По пути, недалеко от Черного моста, нам встречается господин Андерман, который приветствует меня. Я отвечаю ему и хочу бежать дальше. Но он хватает меня за руку и начинает рассказывать, что только что вернулся из английского города Бордой и не сегодня-завтра заявится к нам со своим отцом посмотреть наш новый дом. «Ах-ах, — говорит господин Андерман, — о вашем доме, уважаемый, рассказывают поразительные вещи». Я изображаю на лице выражение удовольствия и думаю про себя — что это значит, что он придет с отцом, разве у него есть отец, у господина Андермана? Потом я спохватываюсь, не произведет ли мое усиленное старание изобразить на своем лице удовольствие неприятного впечатления на господина Андермана.
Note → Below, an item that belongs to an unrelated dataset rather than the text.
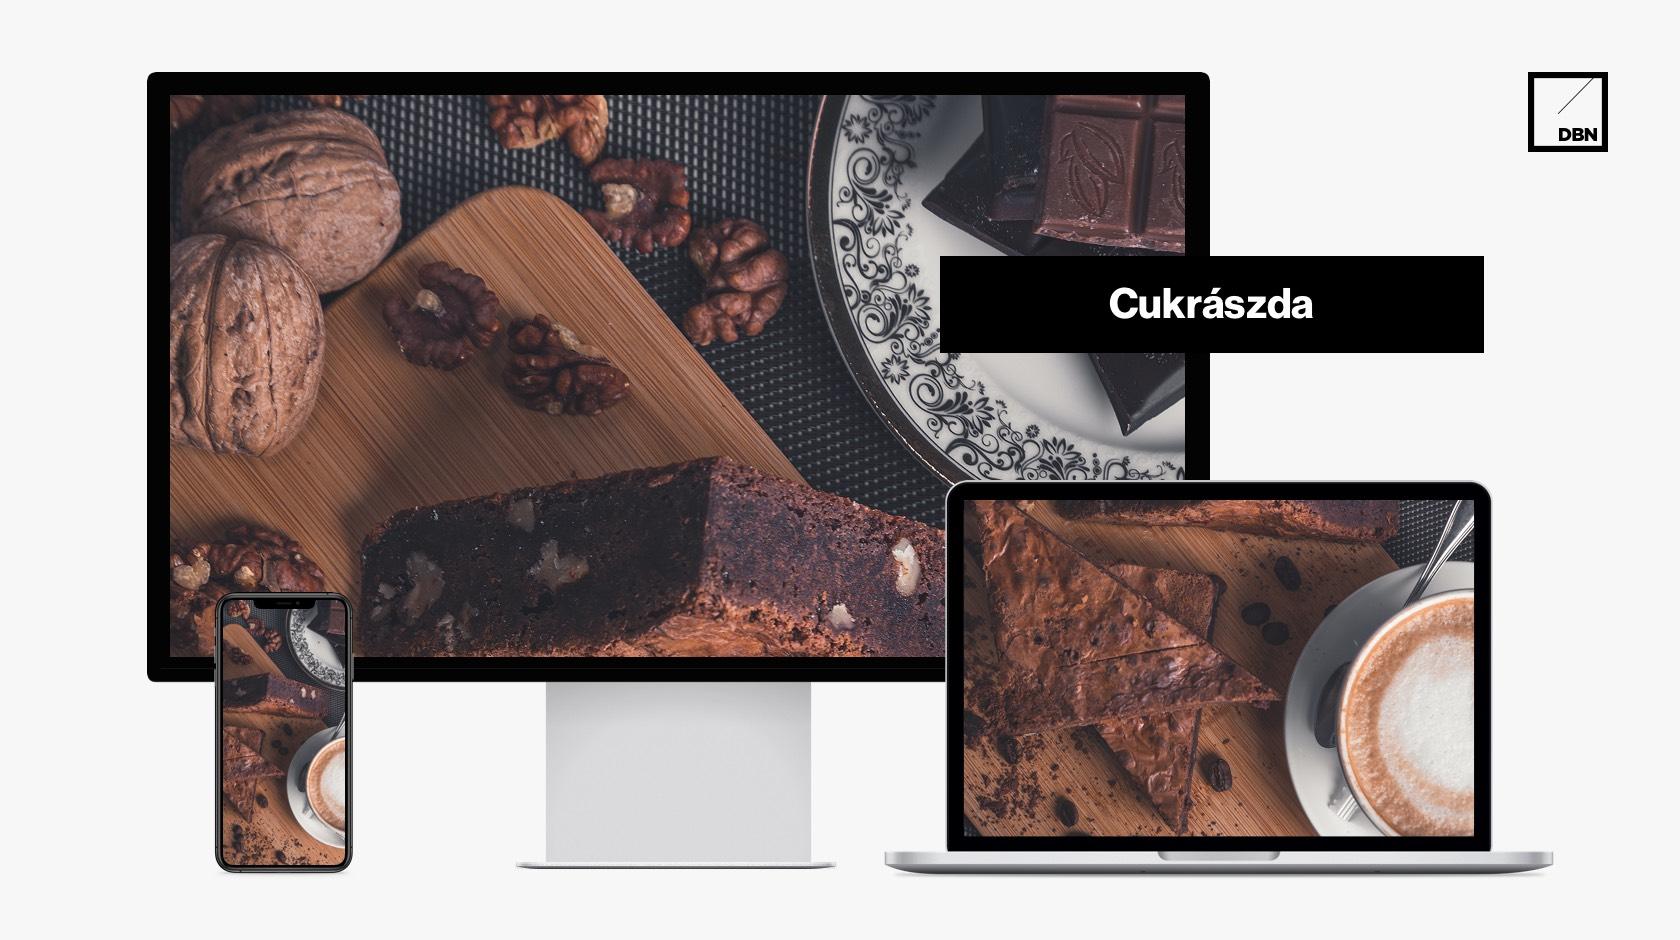 Cukrászda weboldal készítés

Но тут я вспоминаю о фасоли, которая превратилась в чечевицу, и меня снова охватывают дурные предчувствия.
Я не хочу, чтобы господин Андерман догадался о том, что у меня на душе, поэтому я сую руку в карман, вытаскиваю оттуда часы и вижу, что приближается девятый час, а ведь в девять доктор обычно идет в свой клуб и напивается там допьяна, а у меня дома лежат двое больных, и чем они больны — неизвестно. Господин Андерман понимает, что я спешу, но понимает это так, словно я боюсь опоздать на почту, и говорит мне: «На почте изменилось расписание, вы можете не спешить».
Я не исправляю его ошибку и не рассказываю ему о своих больных, чтобы он не стал морочить мне голову своими советами и не задерживал меня.
В эту минуту мимо нас проходит благообразного вида старик, и я вижу, что это тот кантор, пение которого я слышал в синагоге в Судный день. Многих канторов доводилось мне слышать, но, чтобы у человека даже скорбная молитва звучала так приятно и внятно, не слышал никогда. Я не раз пытался с ним заговорить, но все никак не получалось. Сейчас он поднимает на меня глаза, уставшие от плачей, и смотрит так дружелюбно, словно хочет сказать: вот, я здесь, если хочешь, давай поговорим. Но тут господин Андерман снова хватает меня за руку и не дает мне уйти. Конечно, я могу вырвать у него руку и уйти, но как раз в этот день на меня утром напала собака и порвала на мне одежду, и я понимаю, что, если я повернусь и пойду, господин Андерман увидит на мне рваный костюм.